TASK BRIEF: Your job is to give again, exactly and with no additions, the lines in the records below from the one with "Velux | Rewards Super Heroes Promotion" through the one with "Hliníkový profil pro", both included. Omit the pictures.

ENTRIES SUPPLIED:
'''

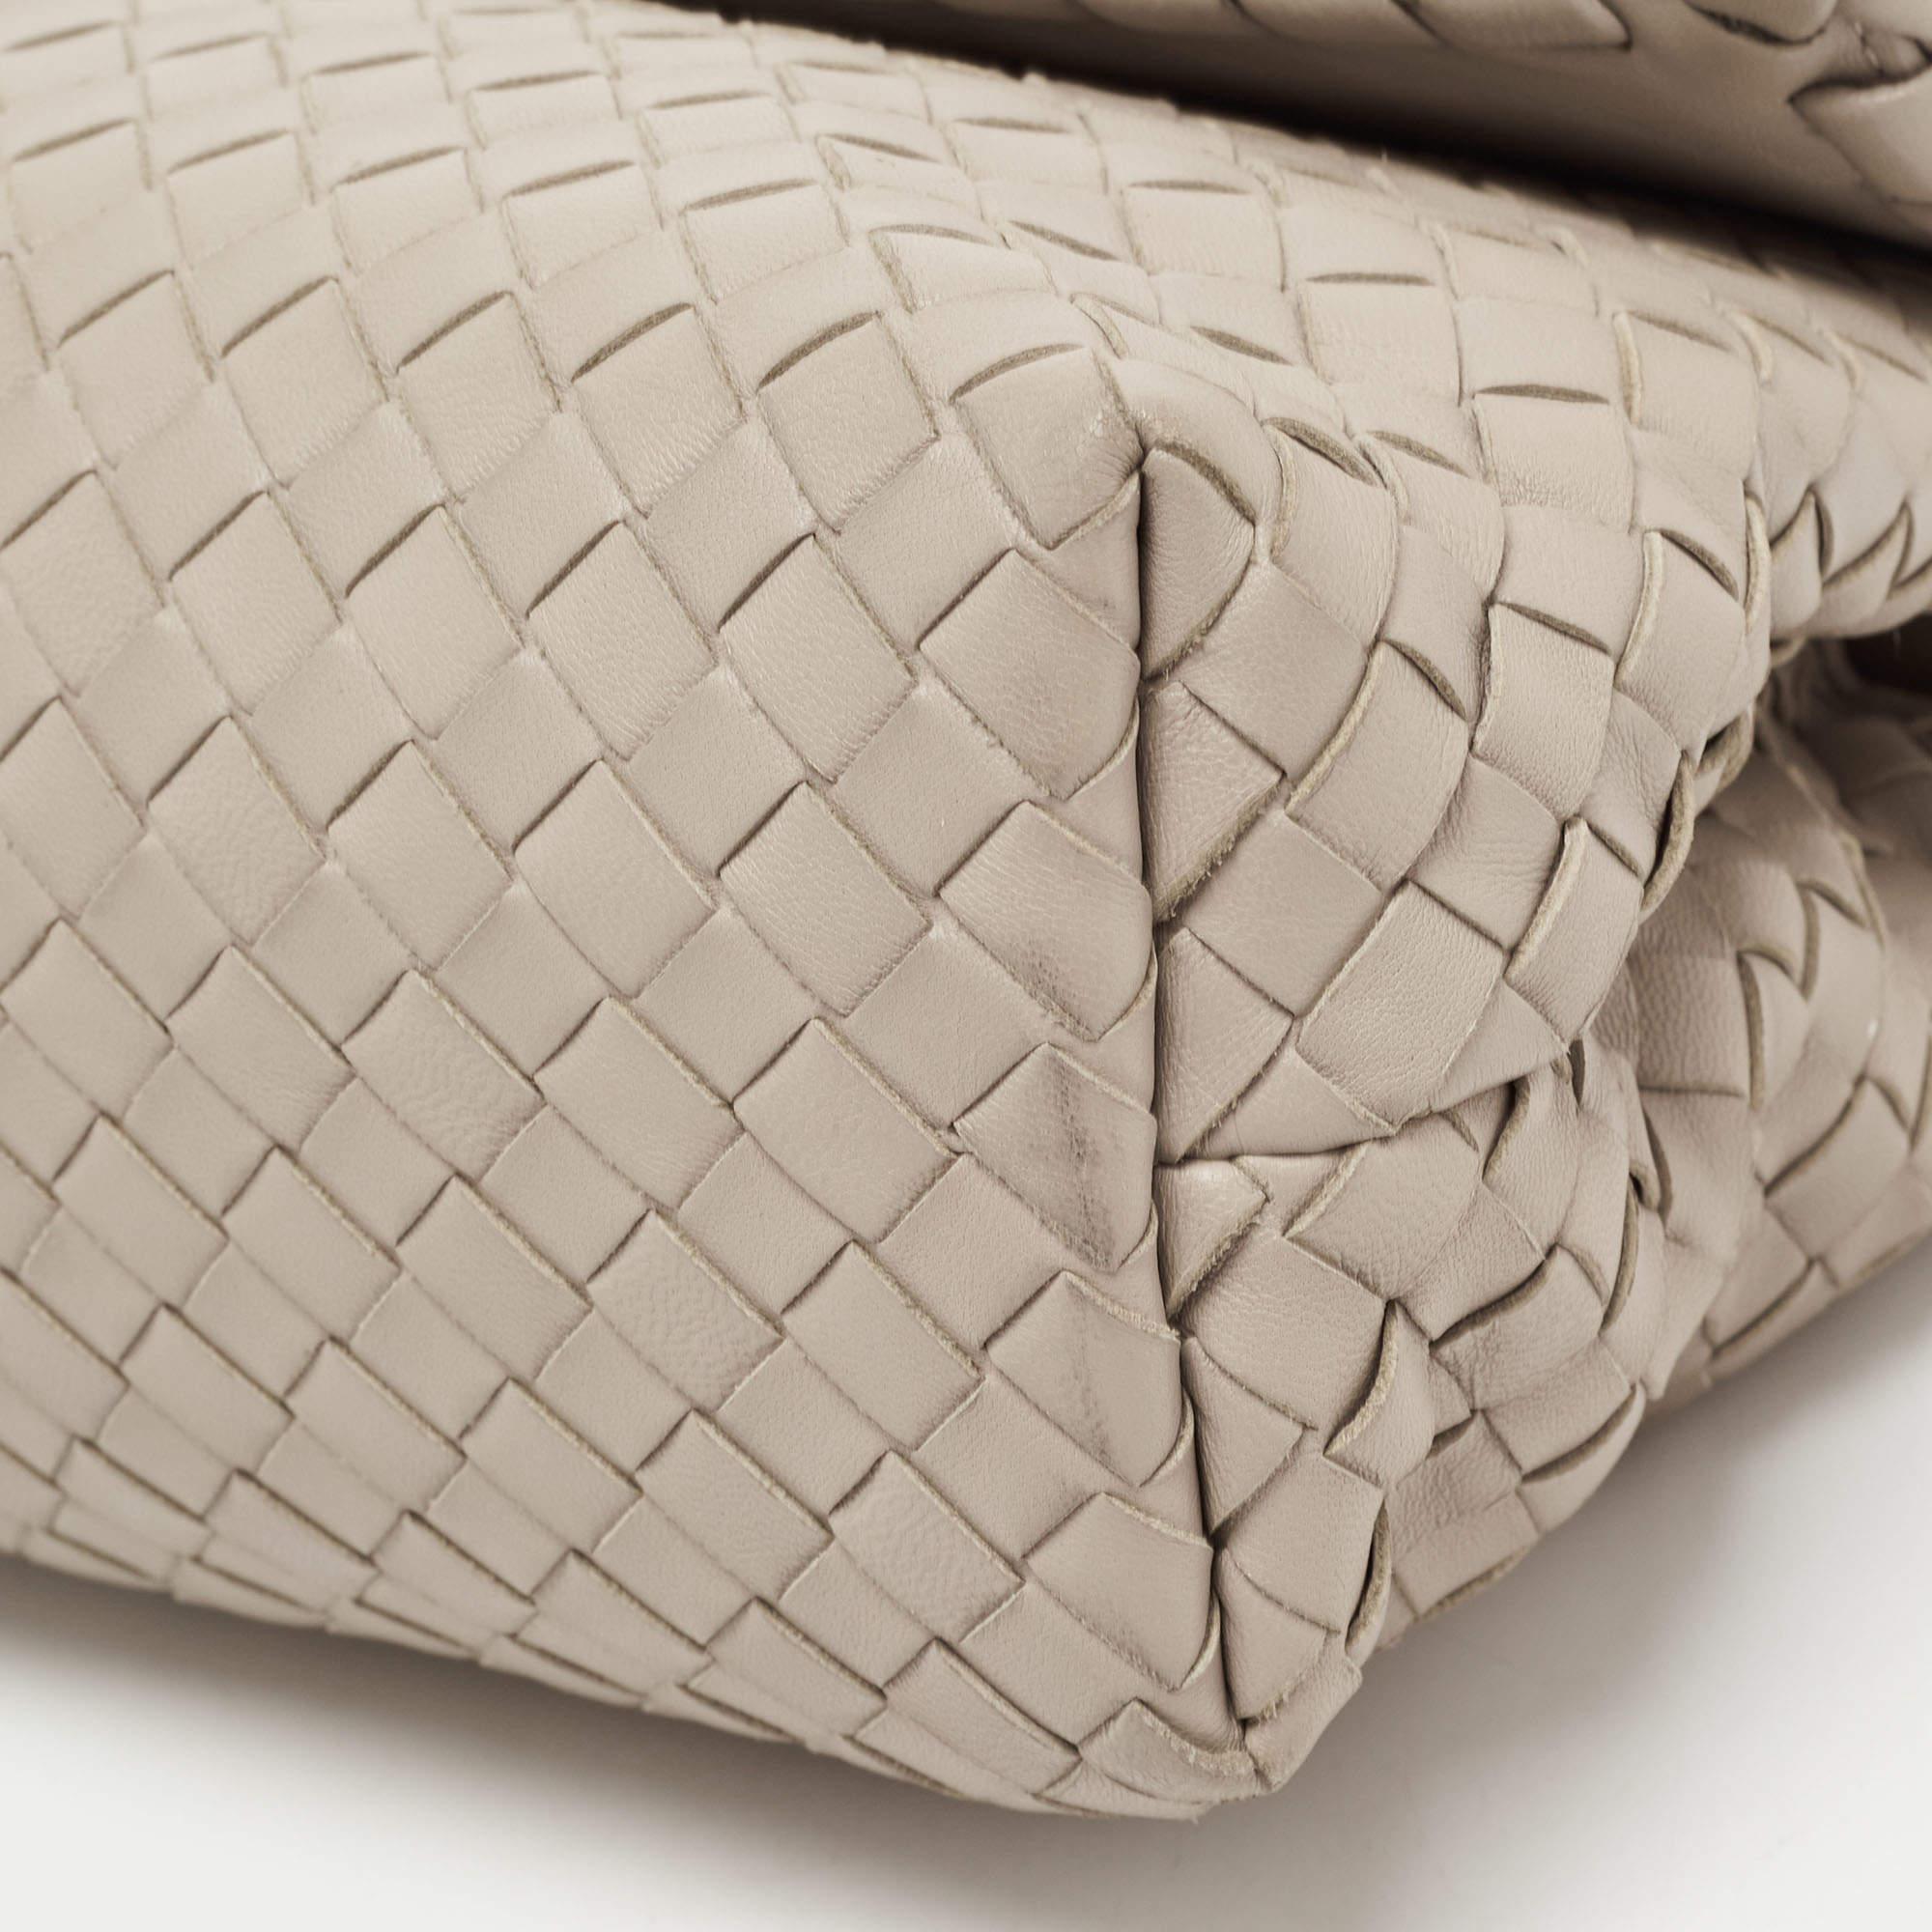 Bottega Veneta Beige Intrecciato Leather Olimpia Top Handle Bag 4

'''
'''

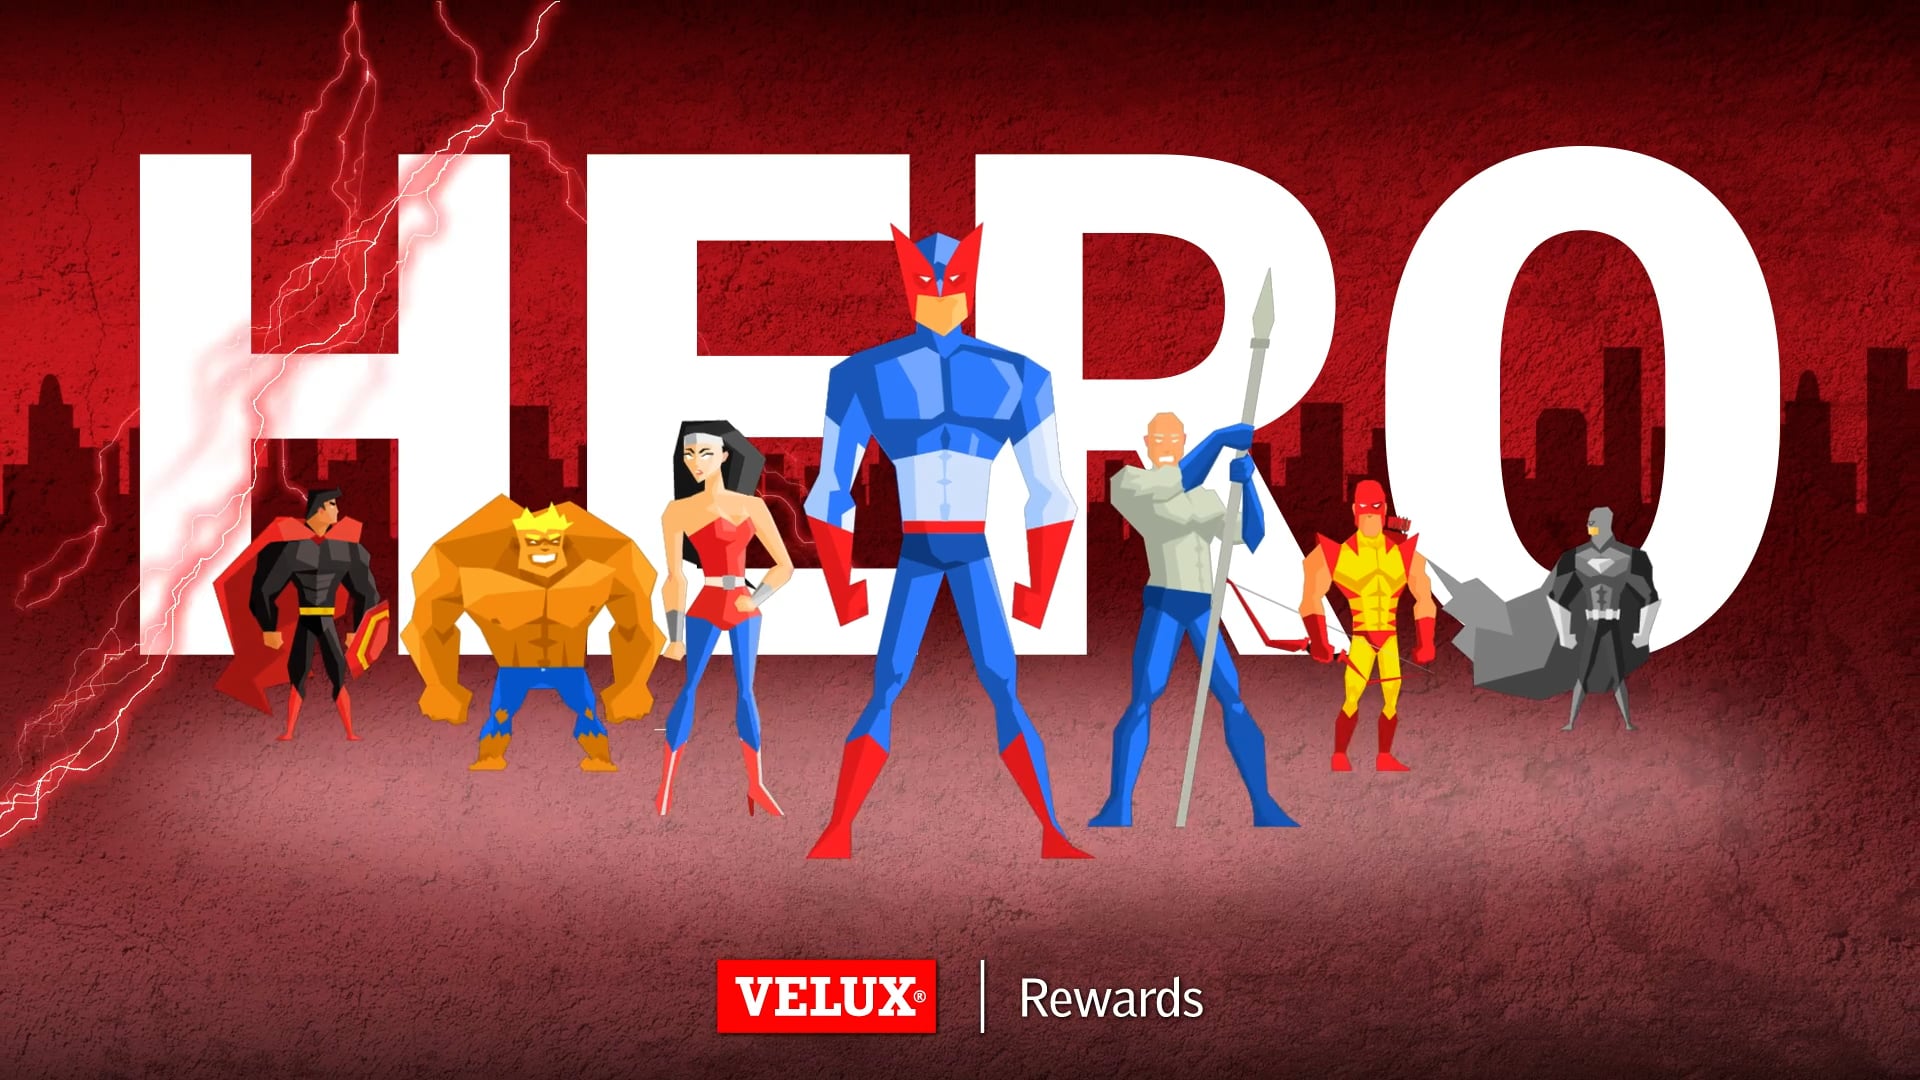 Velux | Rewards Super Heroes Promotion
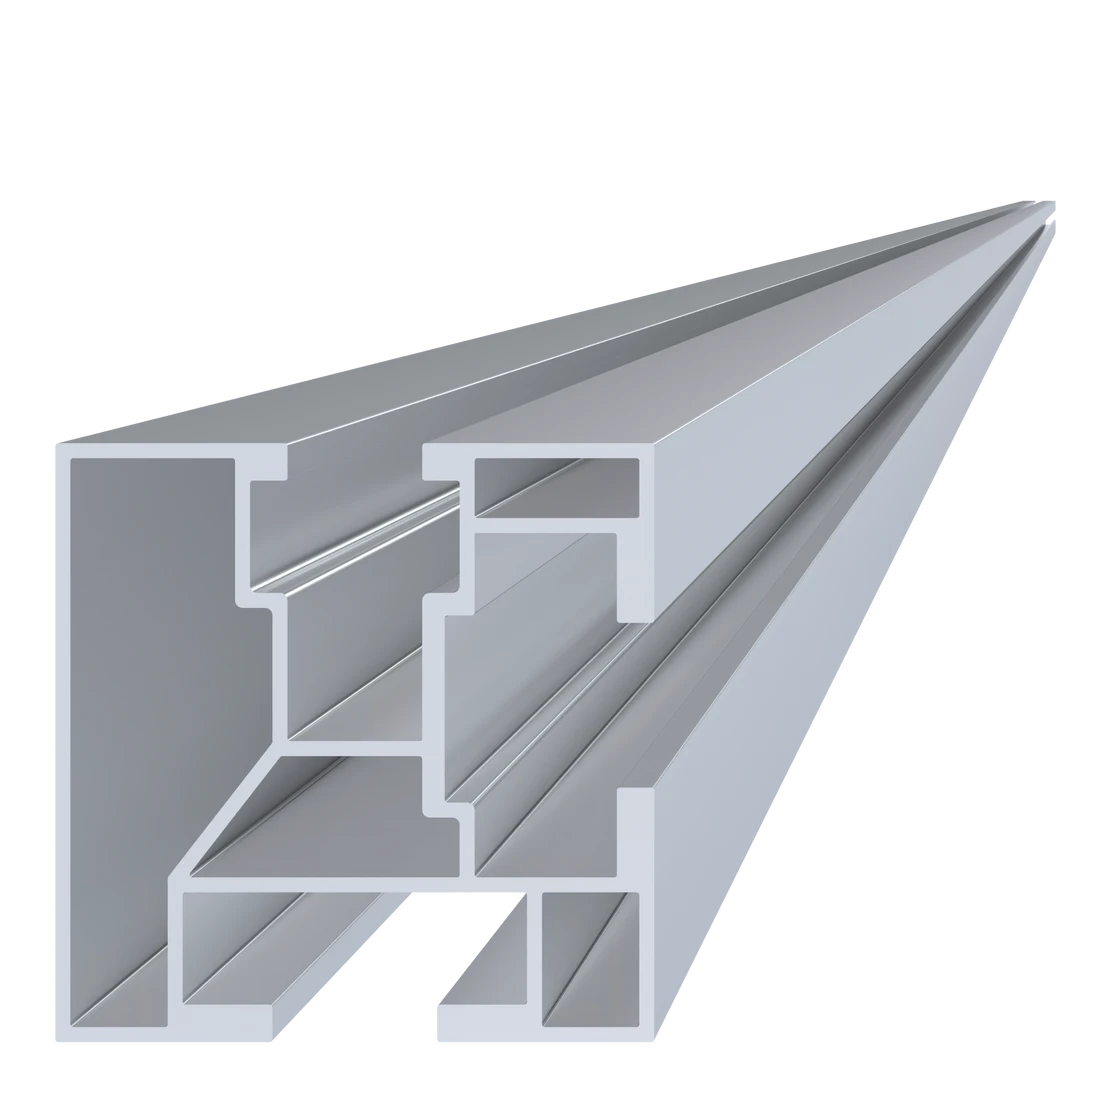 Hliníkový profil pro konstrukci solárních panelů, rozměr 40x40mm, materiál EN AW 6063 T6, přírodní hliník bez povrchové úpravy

'''

YOUR SOLUTION:
 Velux | Rewards Super Heroes Promotion
 Hliníkový profil pro konstrukci solárních panelů, rozměr 40x40mm, materiál EN AW 6063 T6, přírodní hliník bez povrchové úpravy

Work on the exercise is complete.